> **Material for the task**:
::::

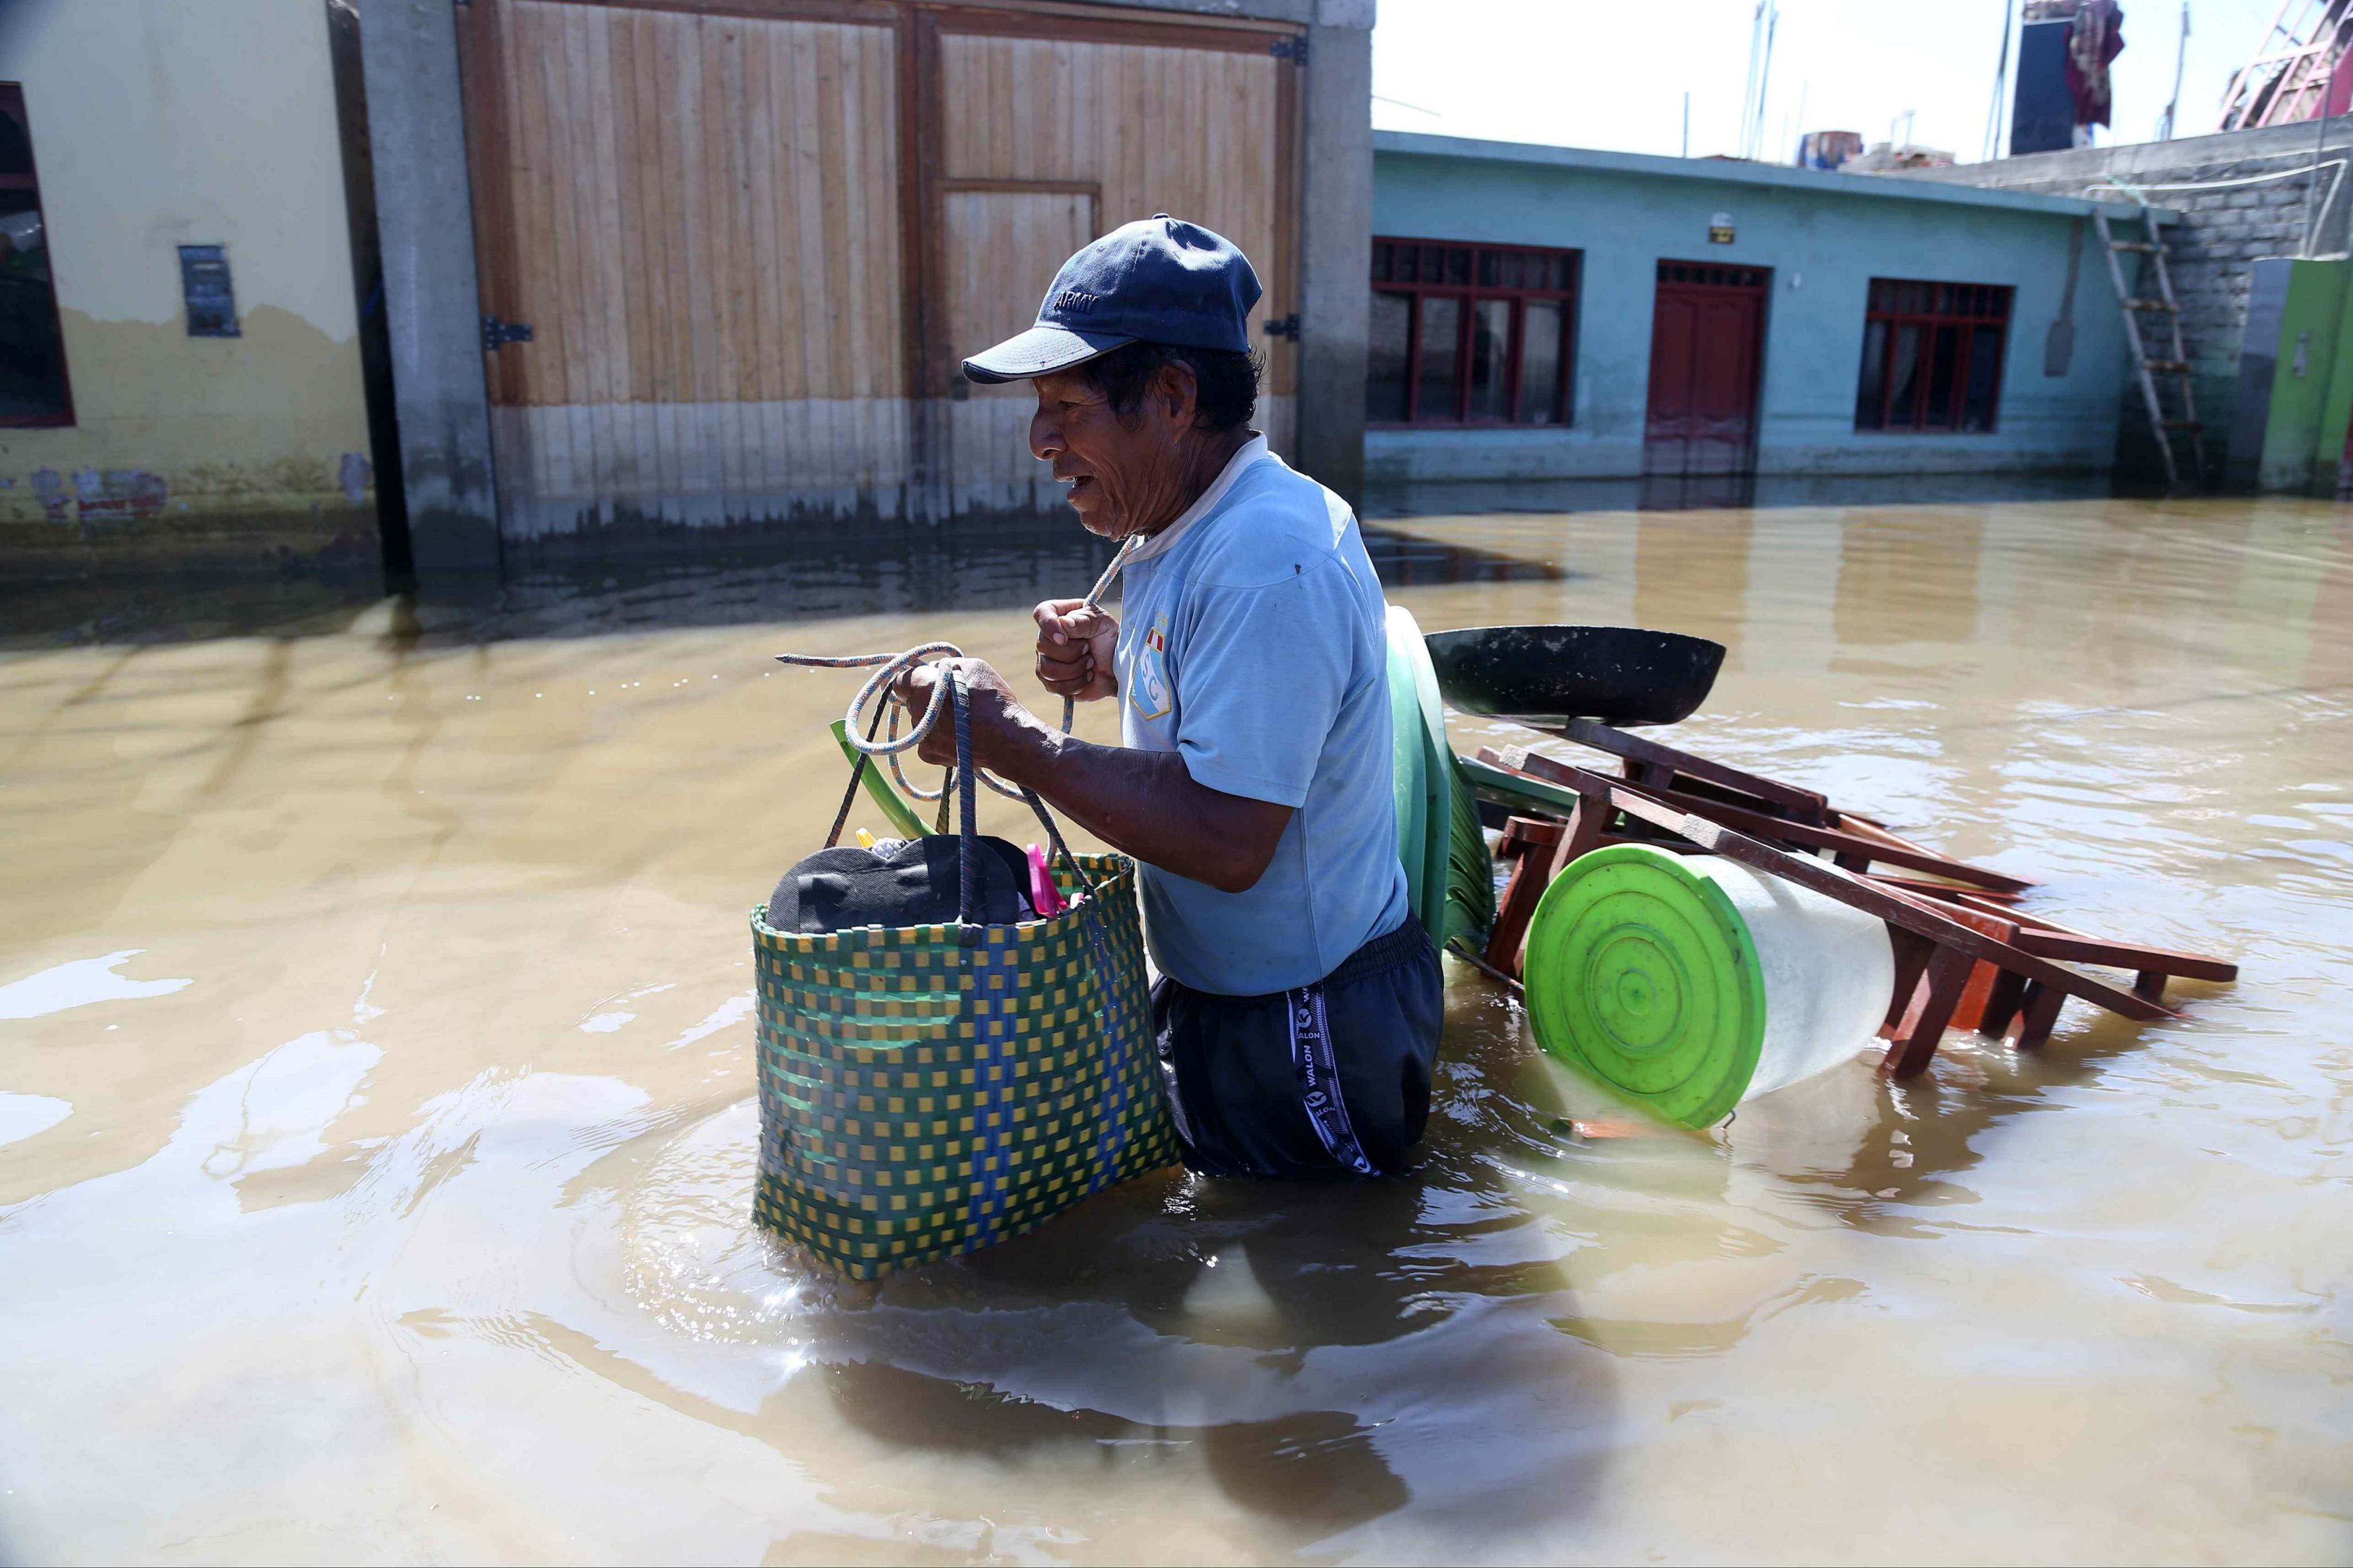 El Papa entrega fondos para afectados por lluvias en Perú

::::

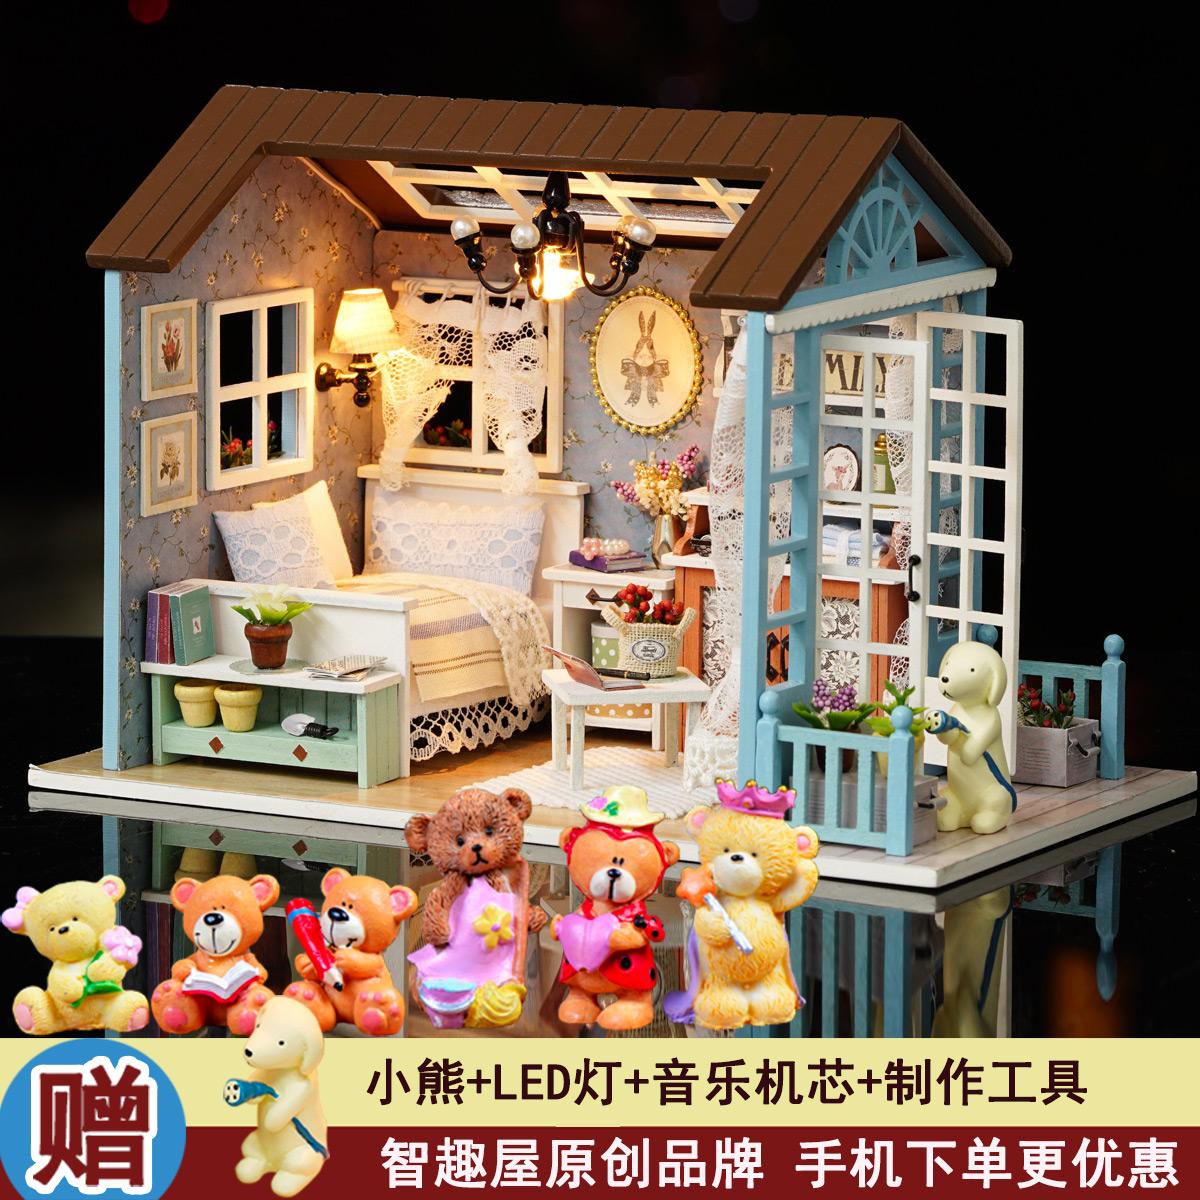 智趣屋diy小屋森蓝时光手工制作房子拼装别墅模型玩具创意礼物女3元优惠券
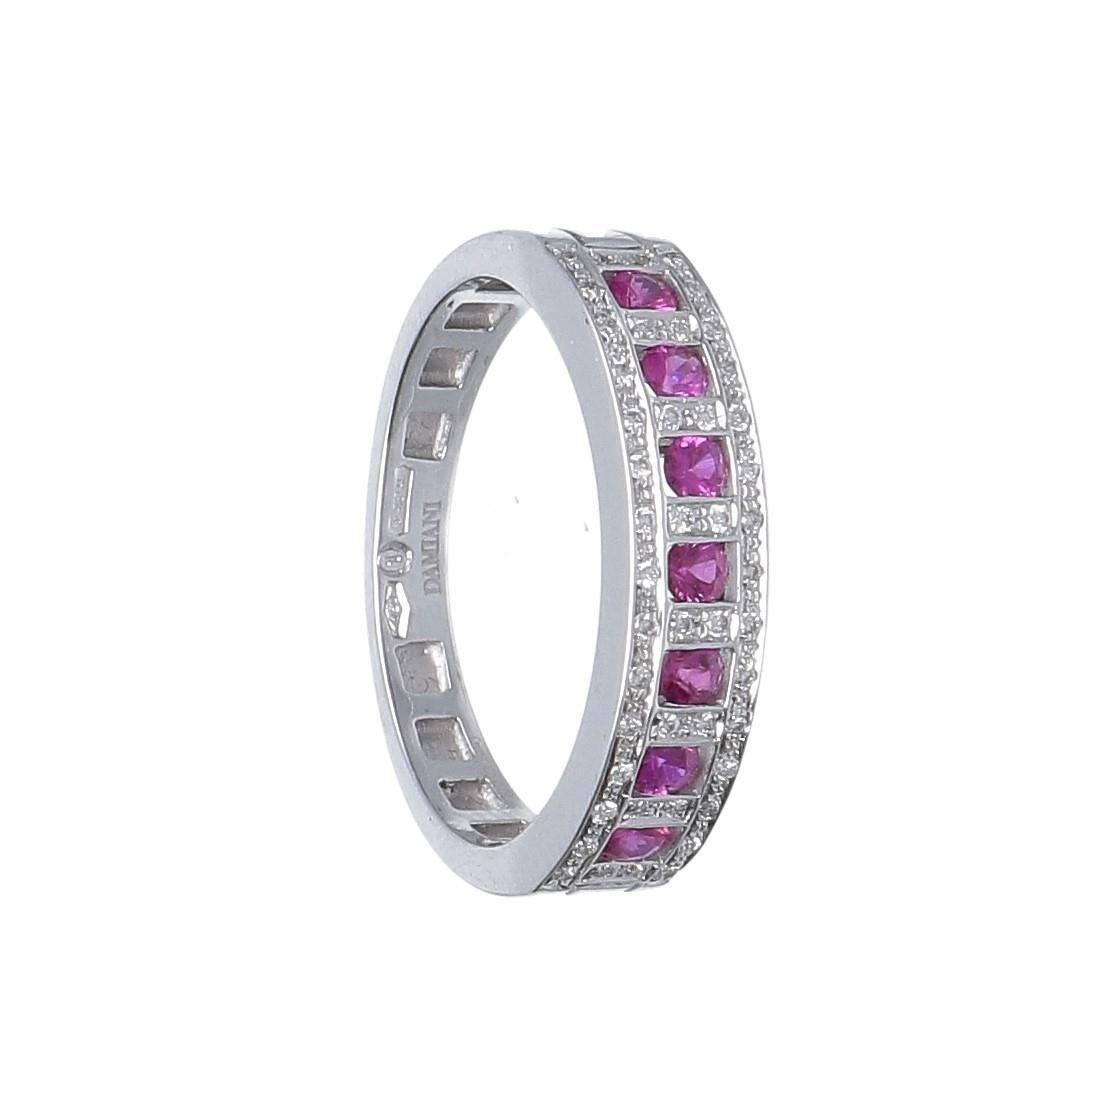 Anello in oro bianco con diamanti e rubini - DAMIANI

::::

> **Work order**:
Write out, word for word, the stretch of entries that begins at the line with "智趣屋diy小屋森蓝时光手工制作房子拼装别墅模型玩具创意礼物女3元优惠券" and ends at the line with "Anello in oro". Pictures do not belong in it.

> **Result of this exercise**:
 智趣屋diy小屋森蓝时光手工制作房子拼装别墅模型玩具创意礼物女3元优惠券
 Anello in oro bianco con diamanti e rubini - DAMIANI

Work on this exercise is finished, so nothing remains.